### What you should do
Go through the listing below and write out exactly the lines from the one that mentions "List of Accounting" through the one that mentions "how to link", minus the pictures.

====== Excerpted records

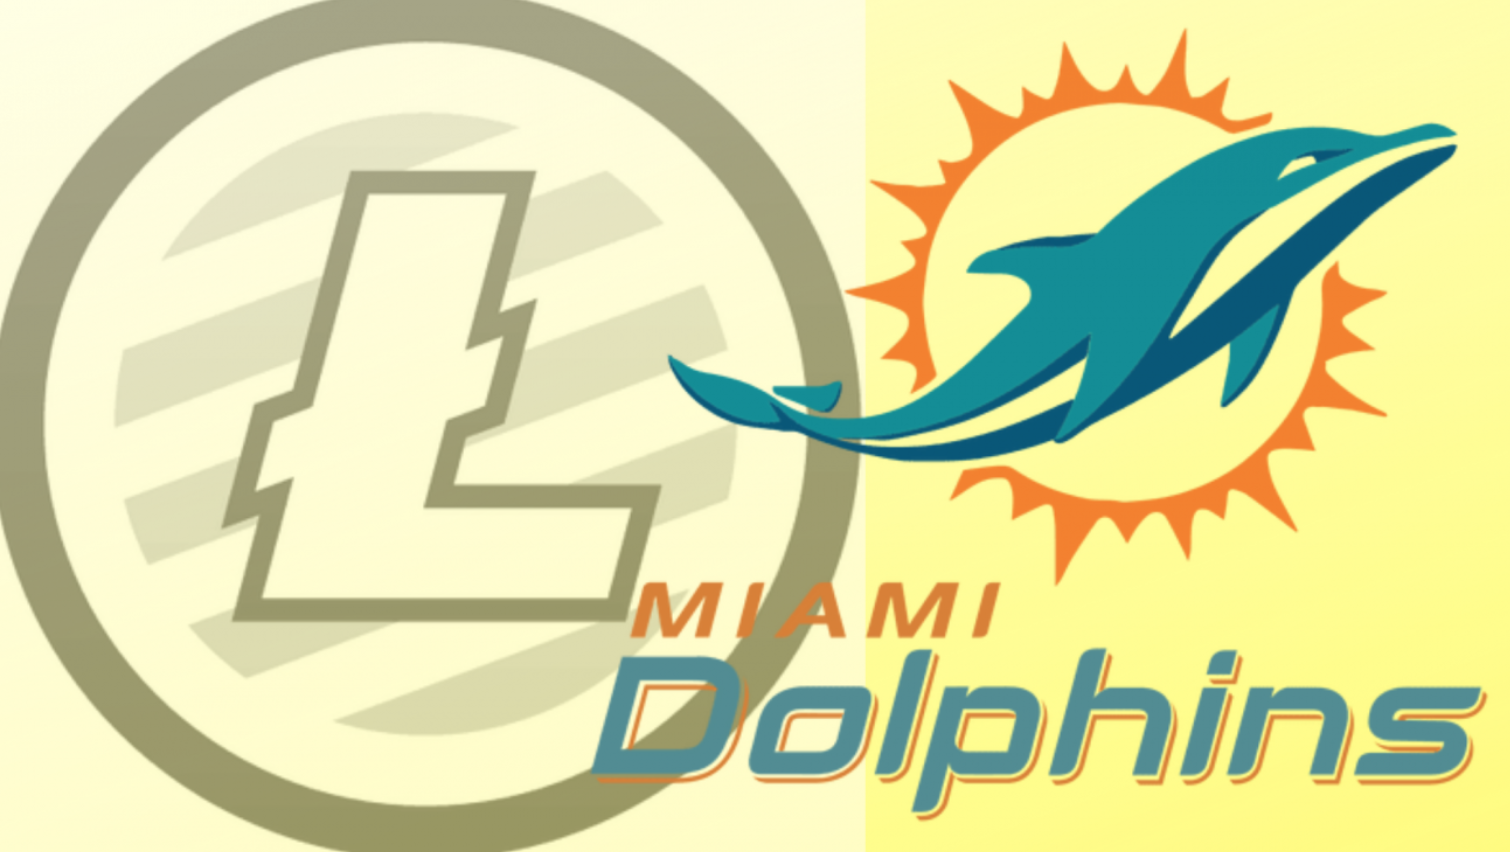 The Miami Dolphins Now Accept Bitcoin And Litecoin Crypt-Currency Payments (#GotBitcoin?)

============
====== Excerpted records

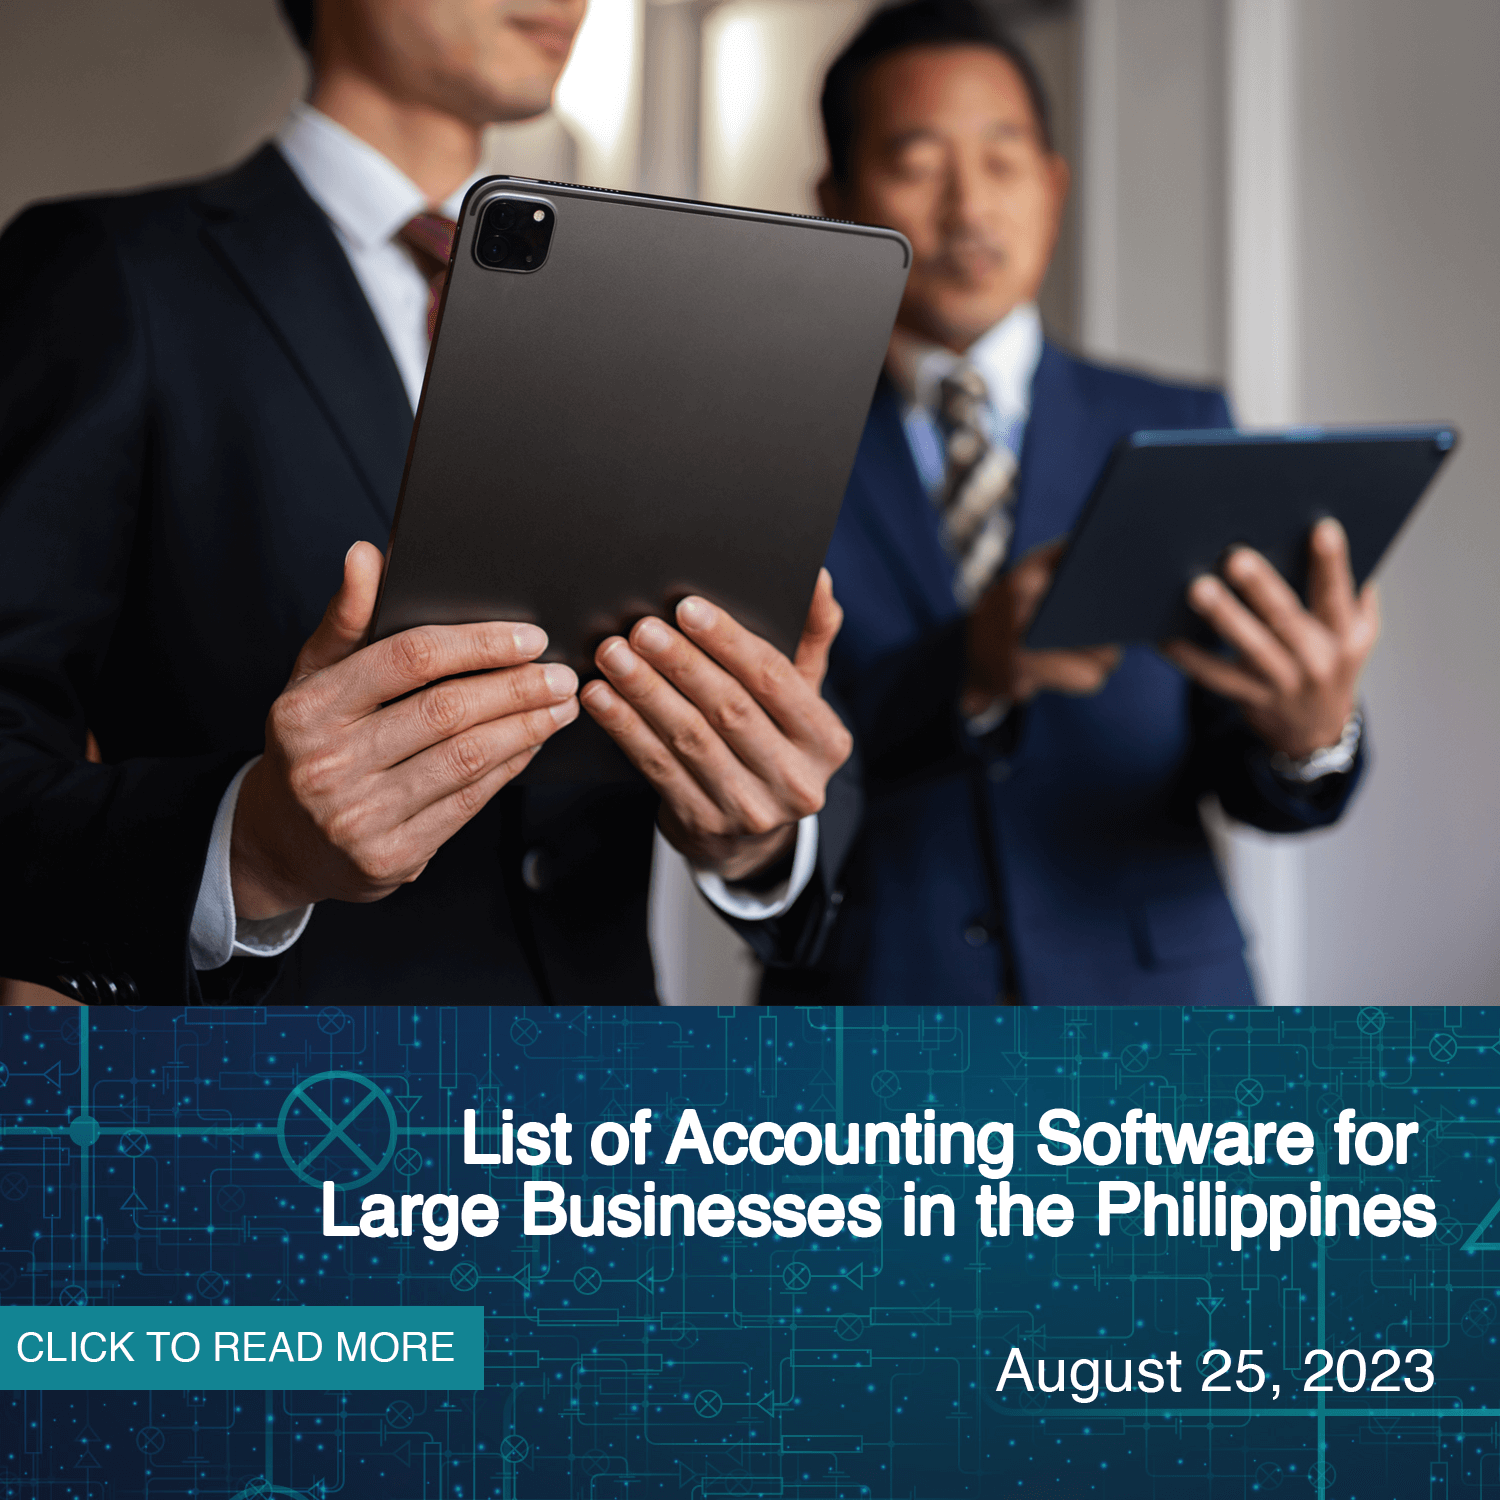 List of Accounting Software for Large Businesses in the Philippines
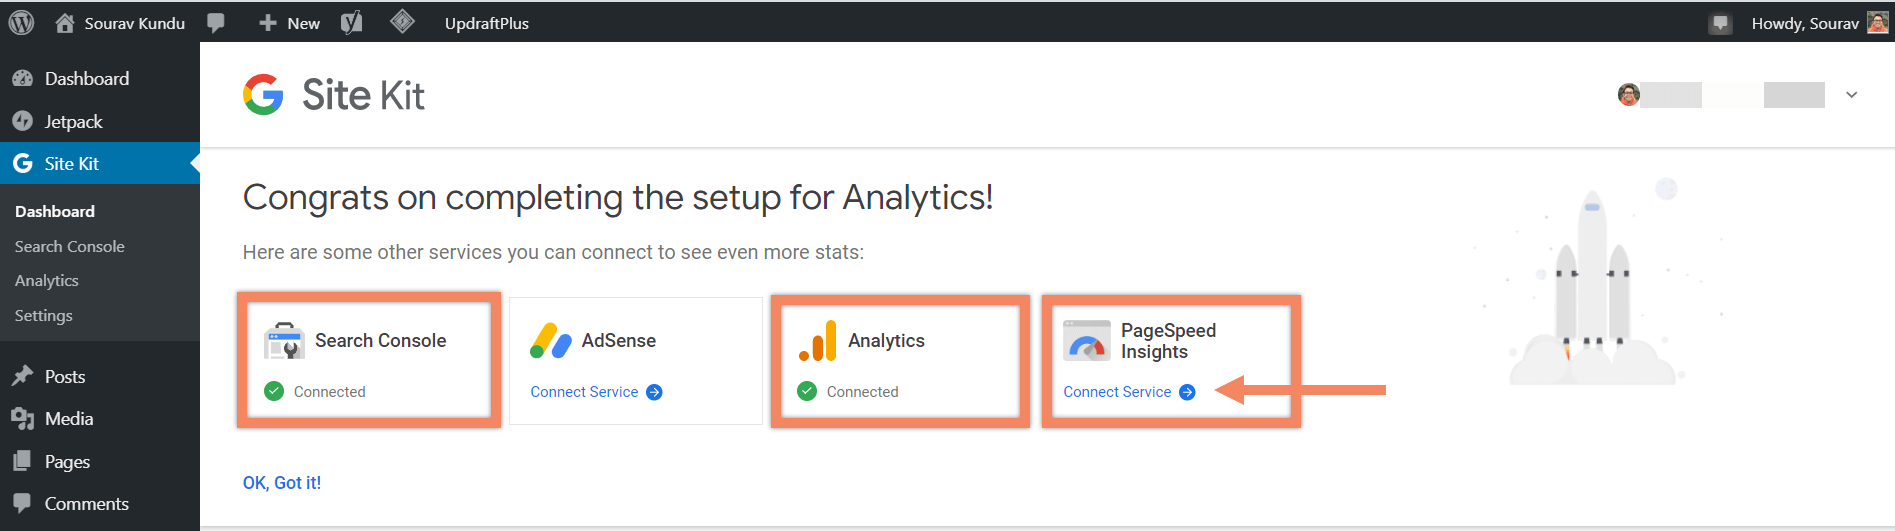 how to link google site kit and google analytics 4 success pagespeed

============

### Written answer
 List of Accounting Software for Large Businesses in the Philippines
 how to link google site kit and google analytics 4 success pagespeed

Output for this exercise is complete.